Try it >> Begin at the line containing "Contemporary Patinated Bronze" in the data below and go on through the line containing "Elegant patinated cast", repeating each line exactly; include both ends and no other line.

Dataset entries >>
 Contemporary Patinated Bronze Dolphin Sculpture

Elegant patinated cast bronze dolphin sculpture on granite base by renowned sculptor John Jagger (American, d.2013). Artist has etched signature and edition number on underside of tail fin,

...

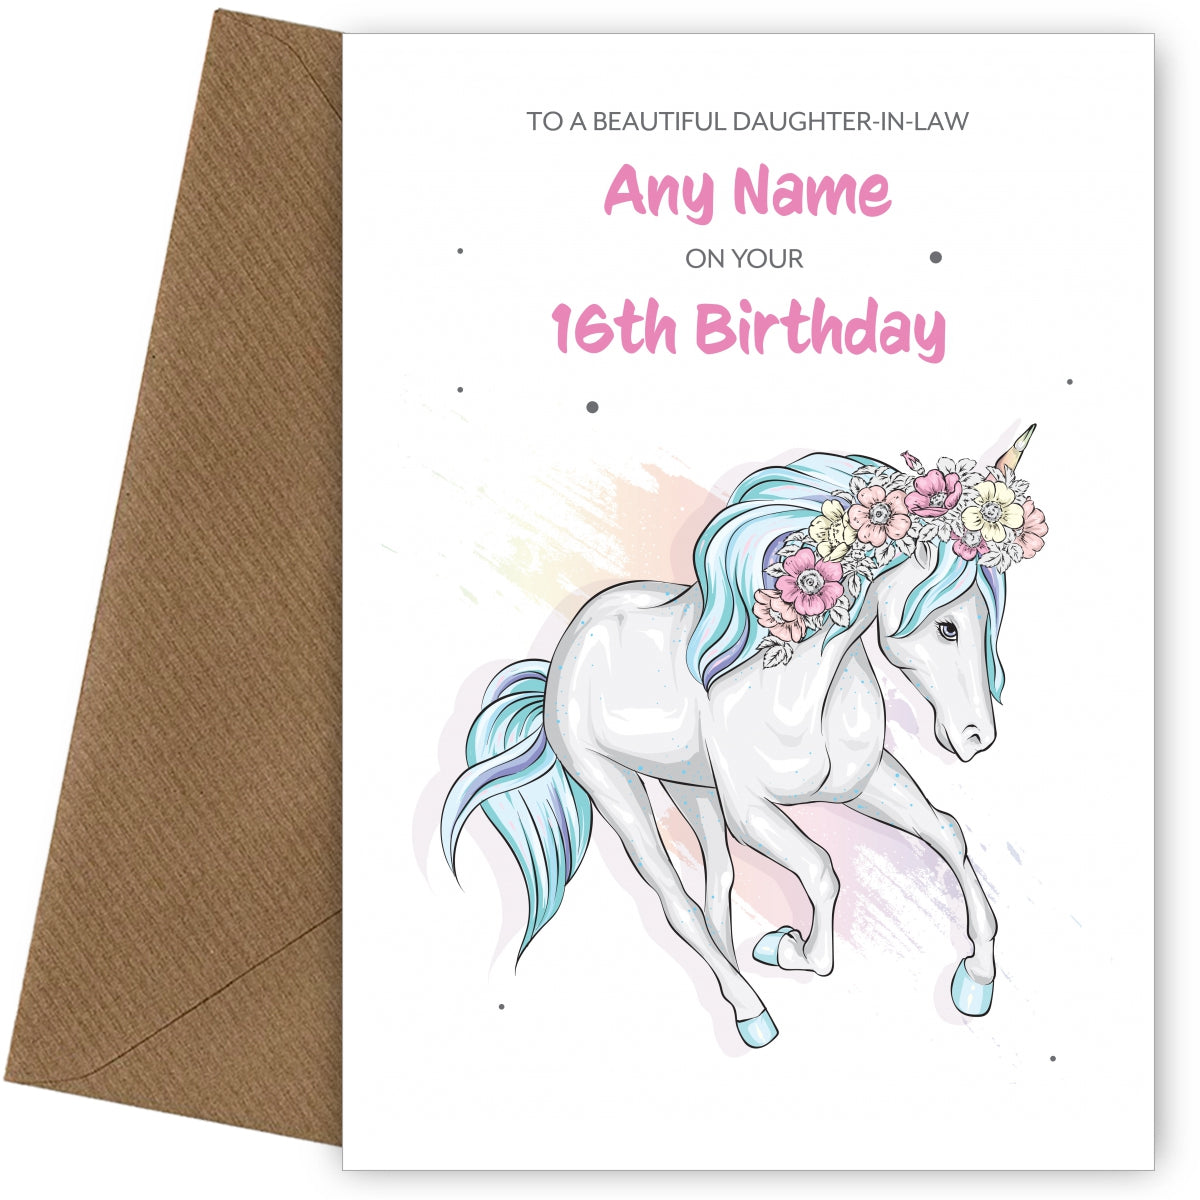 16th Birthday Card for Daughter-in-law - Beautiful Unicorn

---

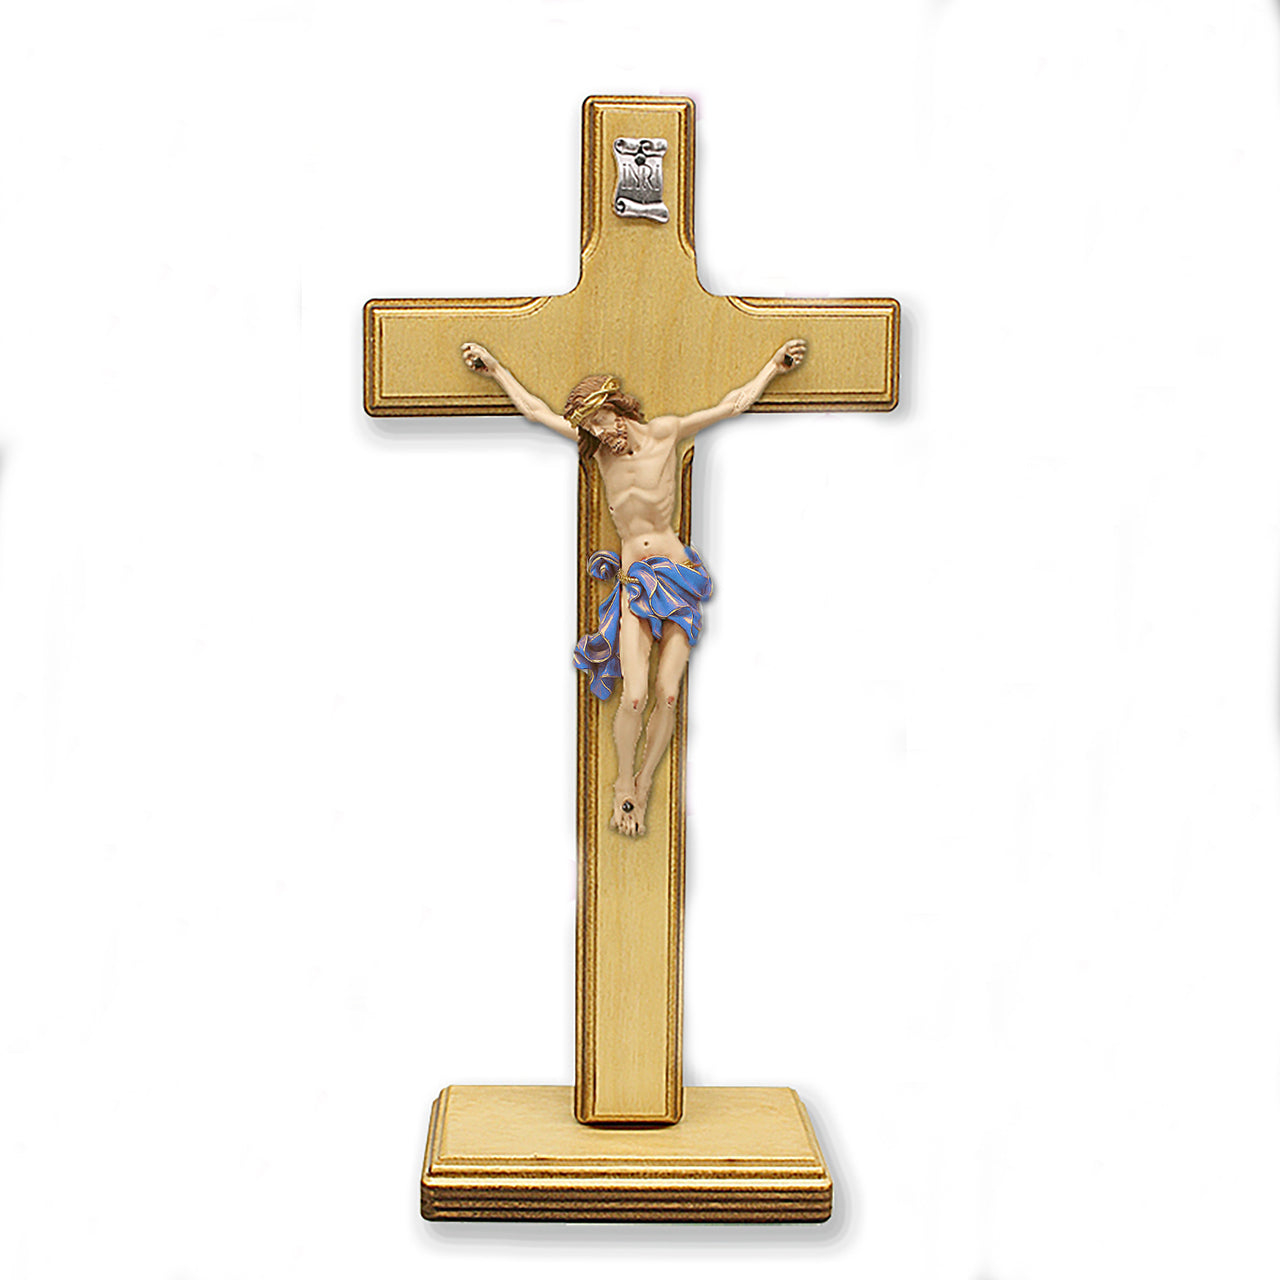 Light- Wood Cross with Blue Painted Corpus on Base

Answer >>
 Contemporary Patinated Bronze Dolphin Sculpture

Elegant patinated cast bronze dolphin sculpture on granite base by renowned sculptor John Jagger (American, d.2013). Artist has etched signature and edition number on underside of tail fin,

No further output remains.